About this task: Only the lines in the entries below from the line with "noclouds_chillout [NOC020] Bradley" to the line with "Island Studs American", both included, belong in the answer, transcribed exactly and without pictures.

Recorded information:

□ □ □ □ □ □ □

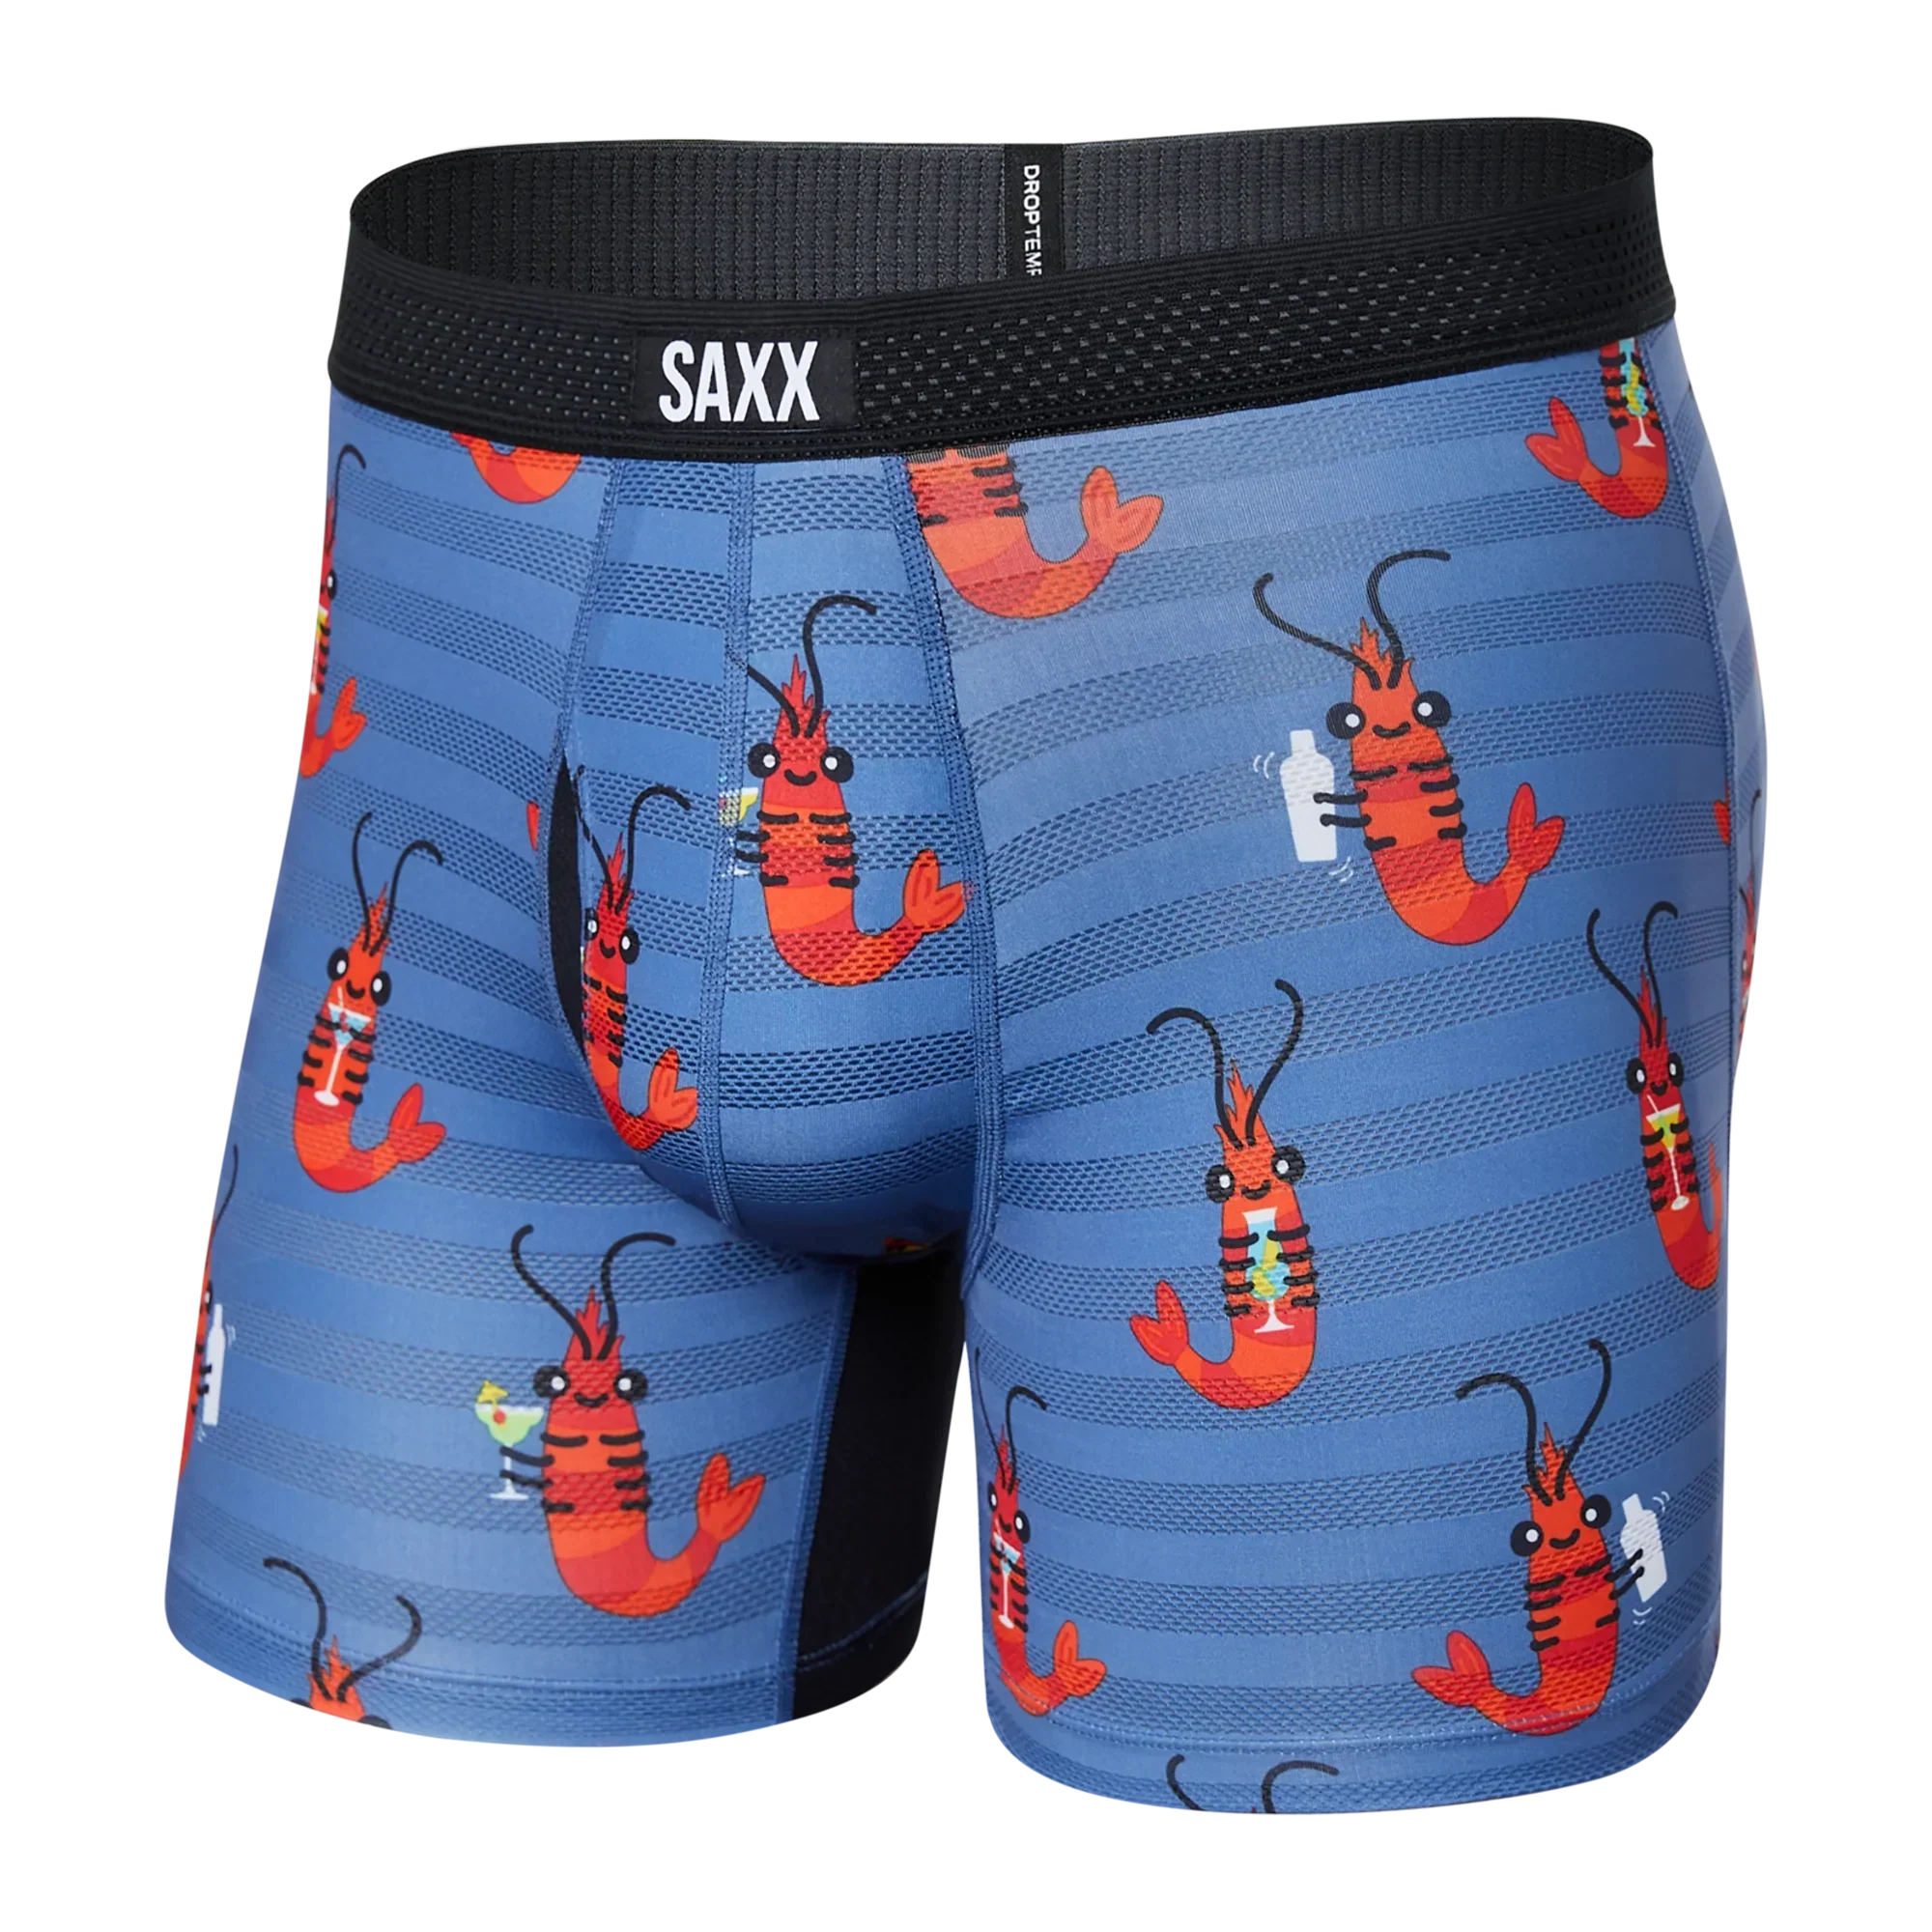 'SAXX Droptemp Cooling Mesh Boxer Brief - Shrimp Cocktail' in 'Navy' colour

□ □ □ □ □ □ □

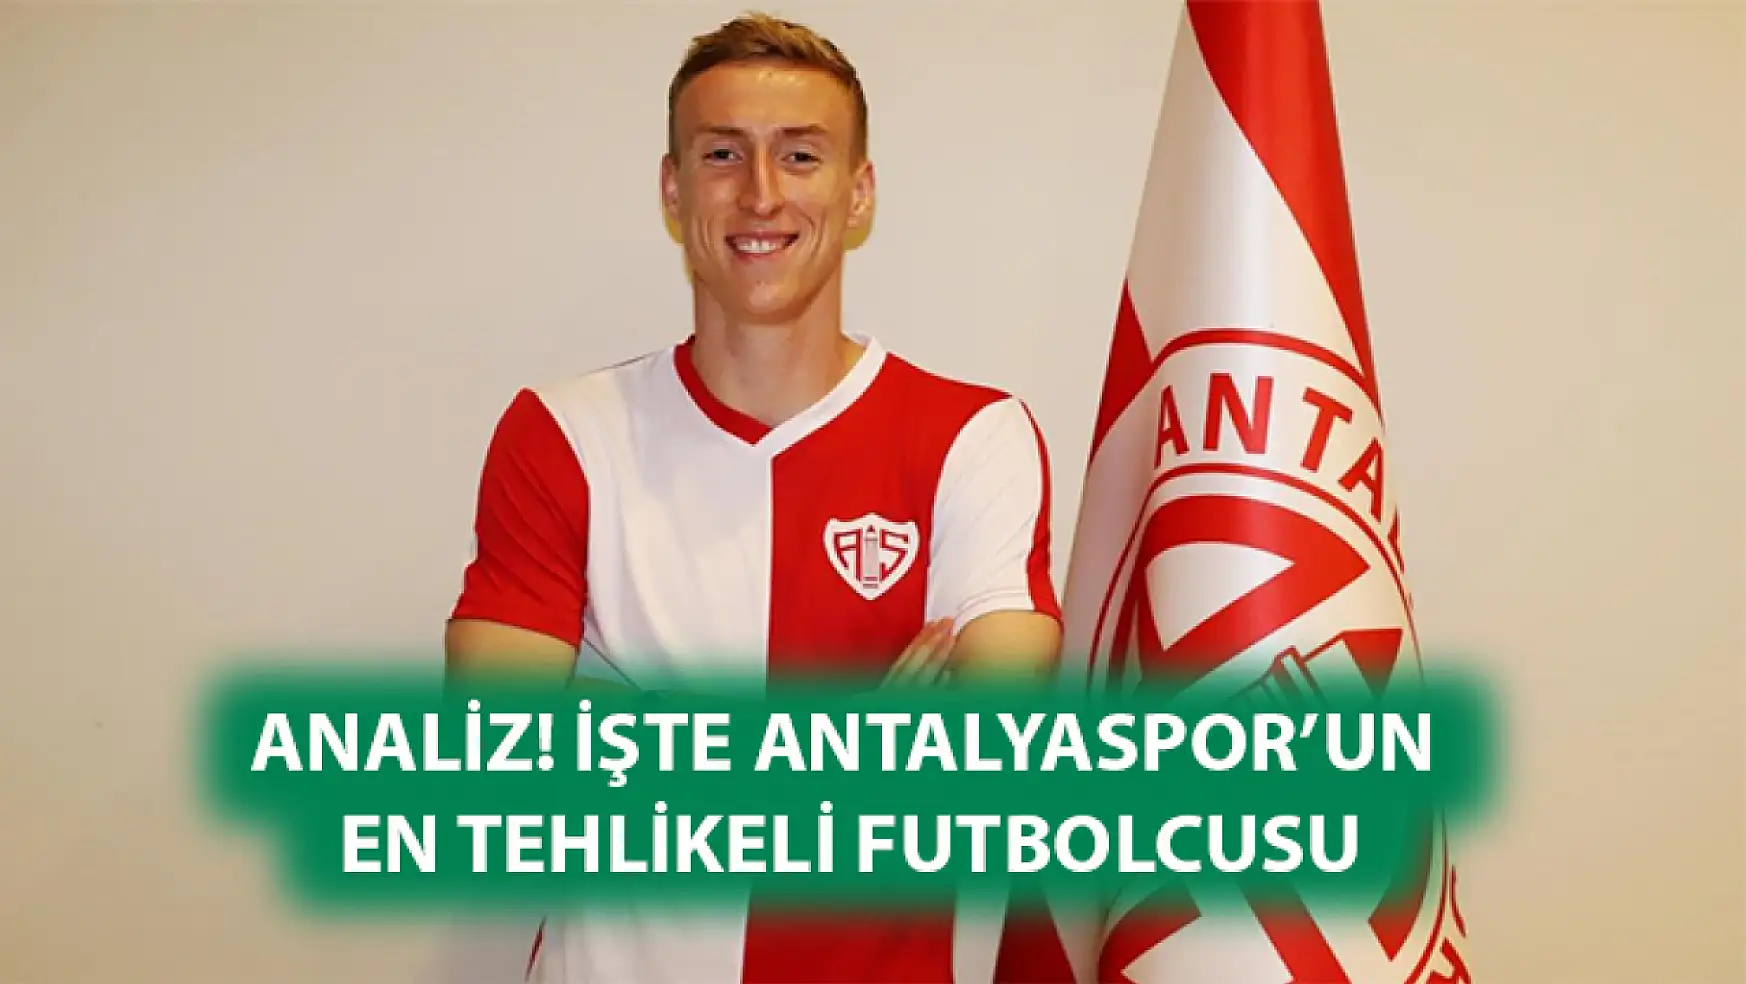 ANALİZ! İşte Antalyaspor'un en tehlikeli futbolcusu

□ □ □ □ □ □ □

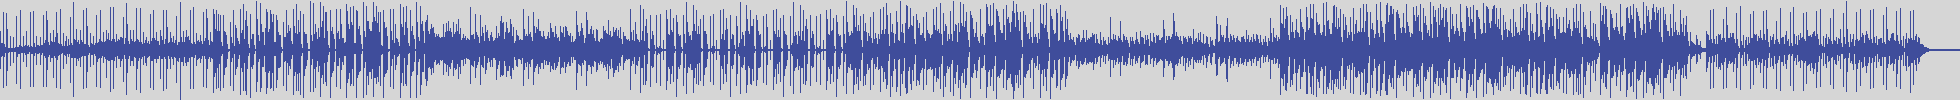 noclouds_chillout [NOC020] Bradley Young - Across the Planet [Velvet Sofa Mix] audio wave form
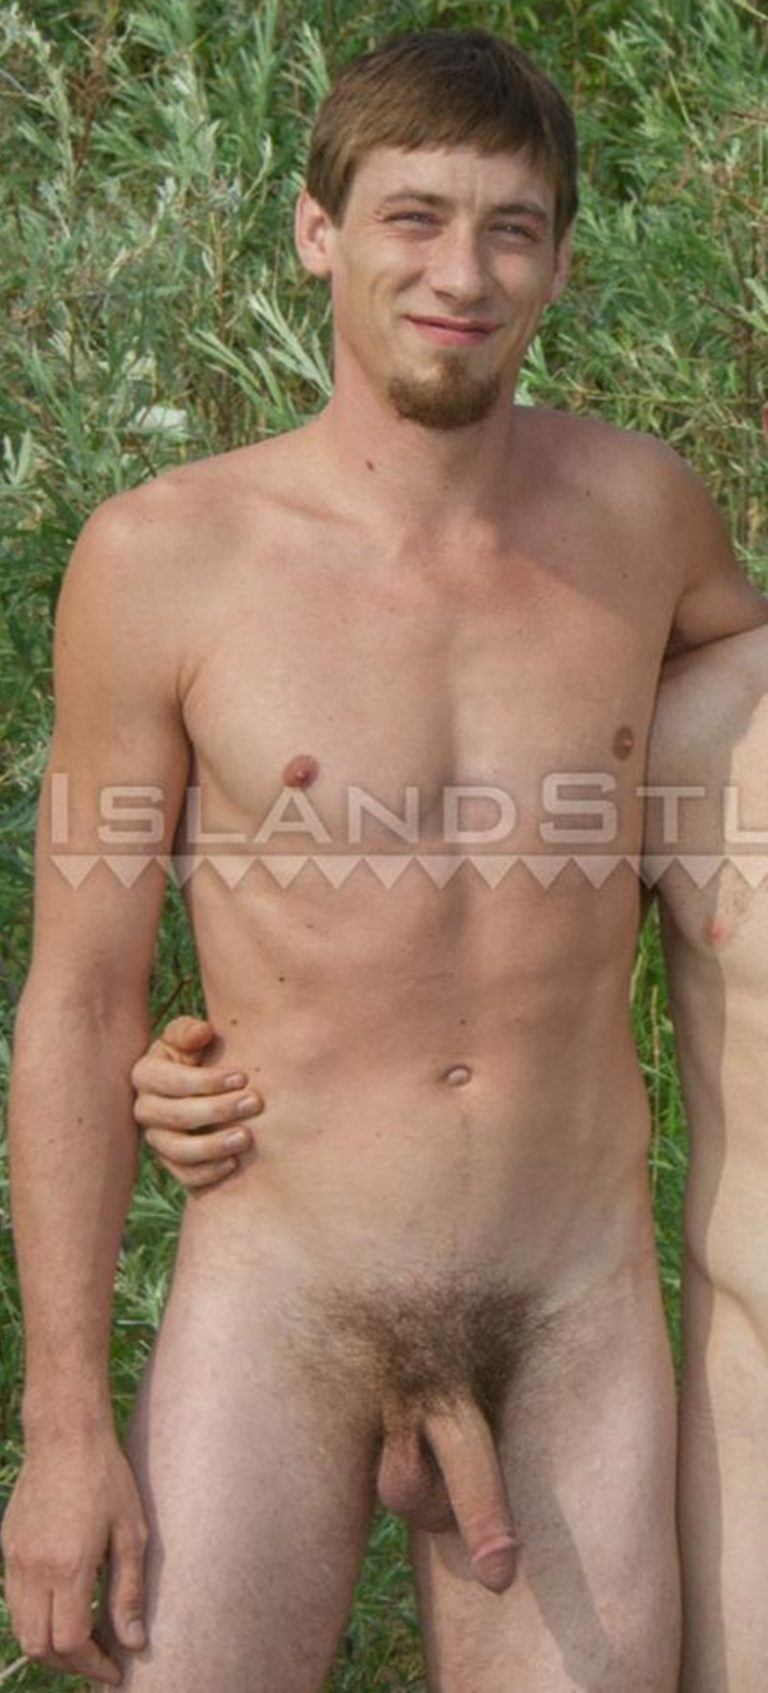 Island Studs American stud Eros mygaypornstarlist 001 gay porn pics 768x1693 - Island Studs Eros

□ □ □ □ □ □ □

Task solution:
 noclouds_chillout [NOC020] Bradley Young - Across the Planet [Velvet Sofa Mix] audio wave form
 Island Studs American stud Eros mygaypornstarlist 001 gay porn pics 768x1693 - Island Studs Eros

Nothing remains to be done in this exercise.